View Single Post
  #24   Report Post  
Old September 7th 08, 01:50 AM posted to rec.radio.amateur.homebrew
[email protected] N2EY@AOL.COM is offline
external usenet poster
 
First recorded activity by RadioBanter: Jul 2006
Posts: 877
Default Heterodyne conversion crystals

The real reason for the popularity of synthesizers is cost. When you
need a new rock for every band they get costly, but a synthesizer
doesn't. This wasn't practical until chips that could do most of the
work became cheap.

The main reason for eliminating the commercial operator licenses was
cost too. Here's what happened:

There was a time, not so long ago, when there were a large number of
tasks that could only be performed (legally, anyway) by a person with
an FCC Commercial Operator license. No others need apply, regardless
of experience, education or background. Either you were a Radio
Operator of a certain class, or you weren't.

Those licenses meant that a person with a high-school education and
some smarts could have a good middle-class income if they had the
license.
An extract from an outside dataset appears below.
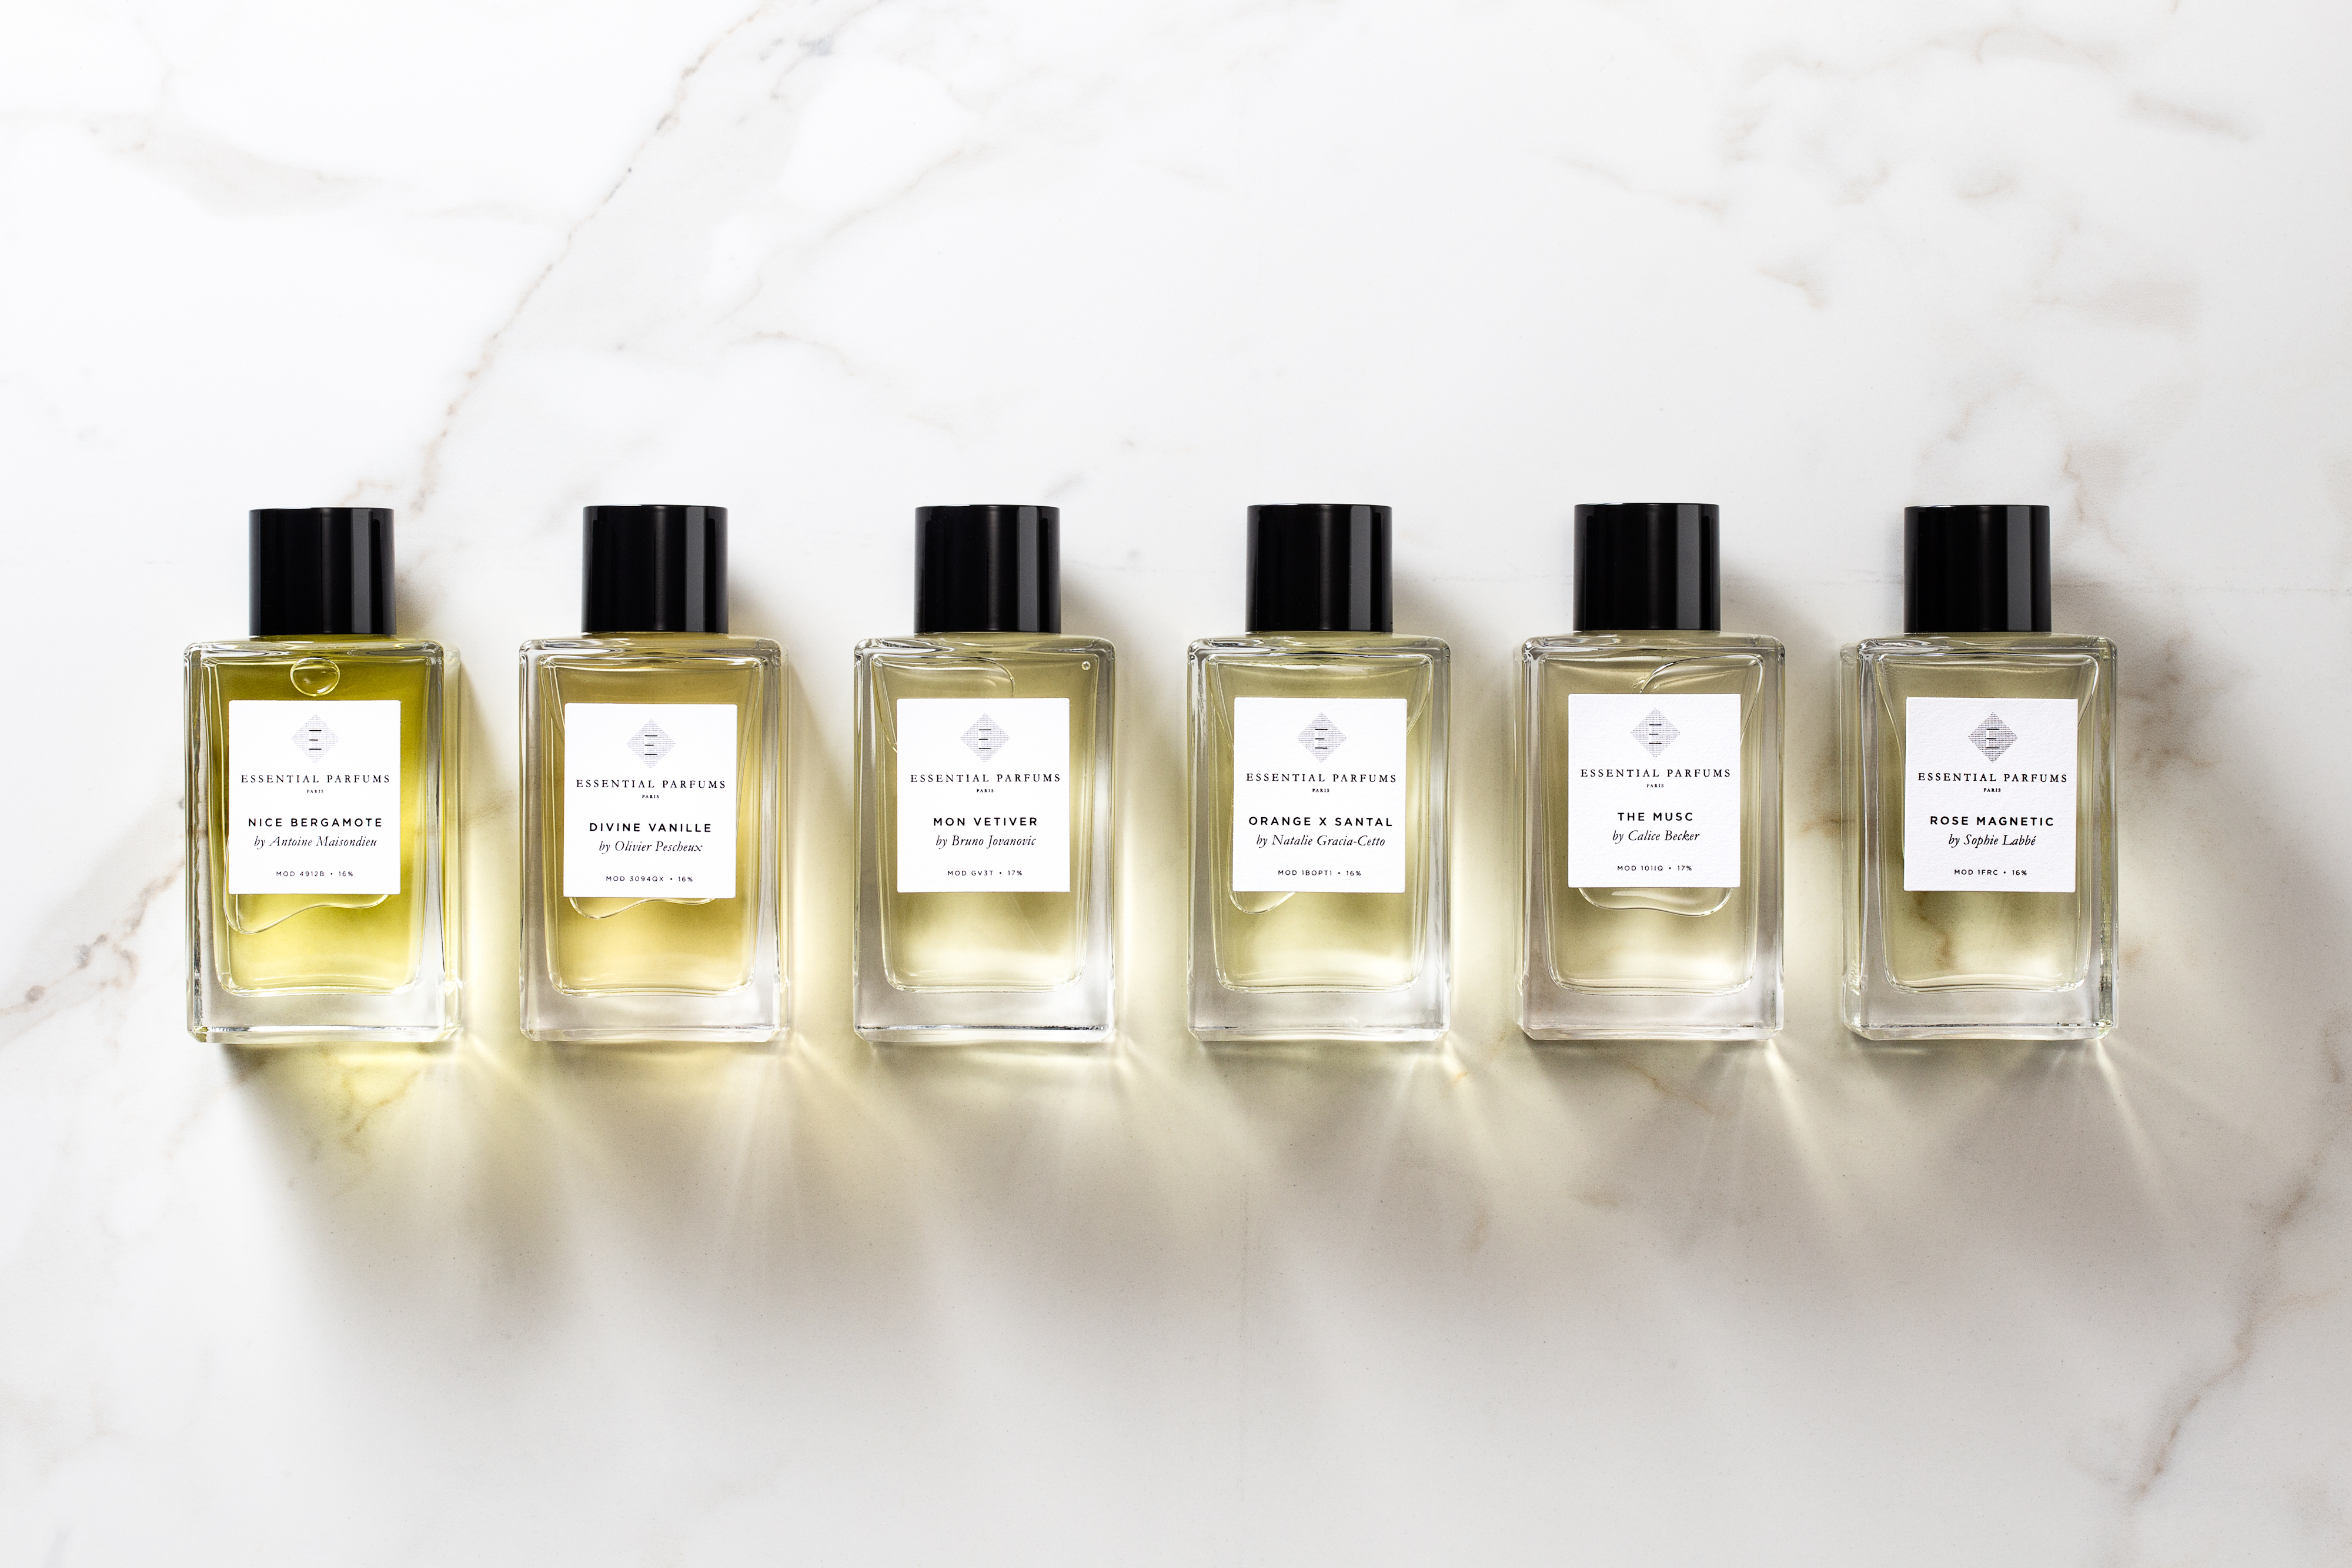 Essential Parfum - w tym Mon Vetiver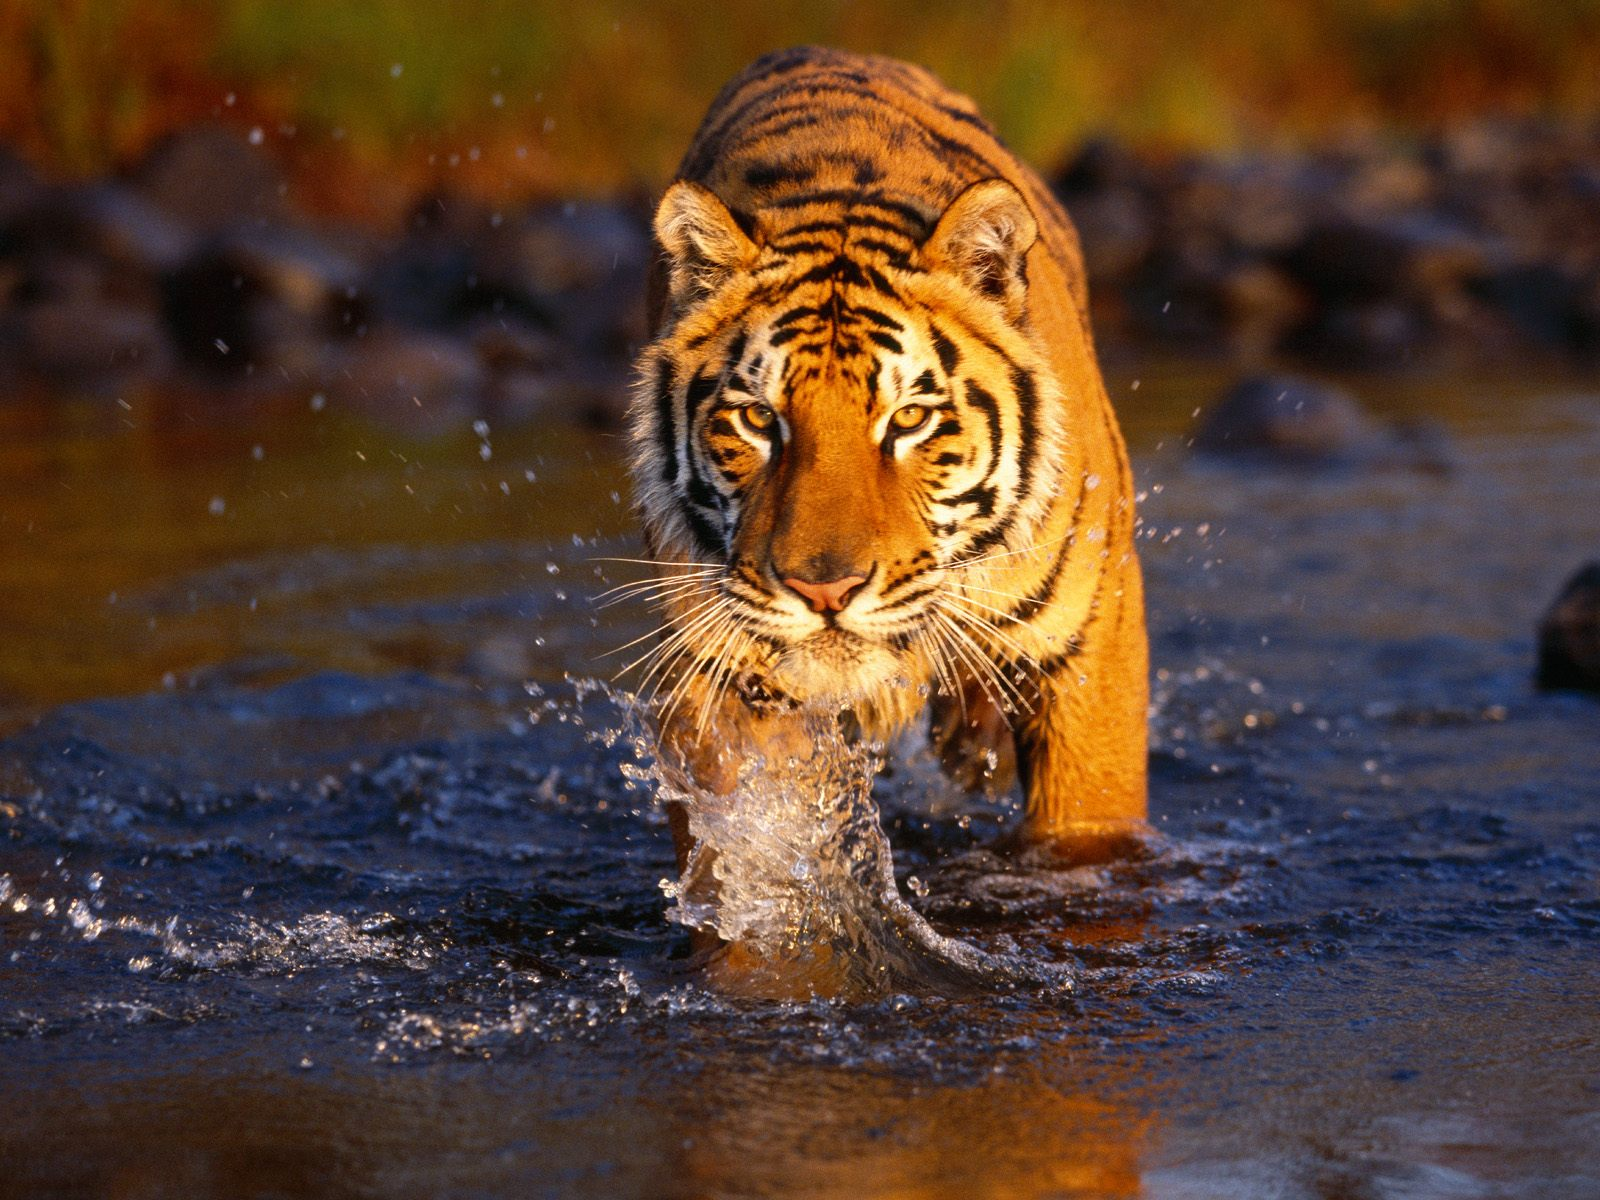 Japan Tigers Hd Wallpapers Tiger Wallpaper For Desktop Backgrounds Free

Not that all the jobs were easy, or that you didn't need a
certain amount of knowledge to do them, but that the Commercial
license became the equivalent of a union card, and the jobs were, in a
way, protected by FCC regulations.

In other words, the Commercial licenses protected a craft known as
Radio Operators, with a set of skills and knowledge specific to them,
and jobs only they could do.

The masters of industry didn't like that, so they prevailed on the FCC
to reduce the requirements and eliminate most of the licenses and the
requirements for tasks to be done only by Radio Operators. The jobs
went with them.

This is also why the maritime services went to satellite-based comms
rather than HF and MF radio and Morse Code - it eliminated the need
for ships to carry licensed Radio Operators.

Oddly enough, FCC still issues Commercial RadioTelegraph licenses,
both First and Second Class, though I don't know where in the USA you
can get the required experience for a First Class.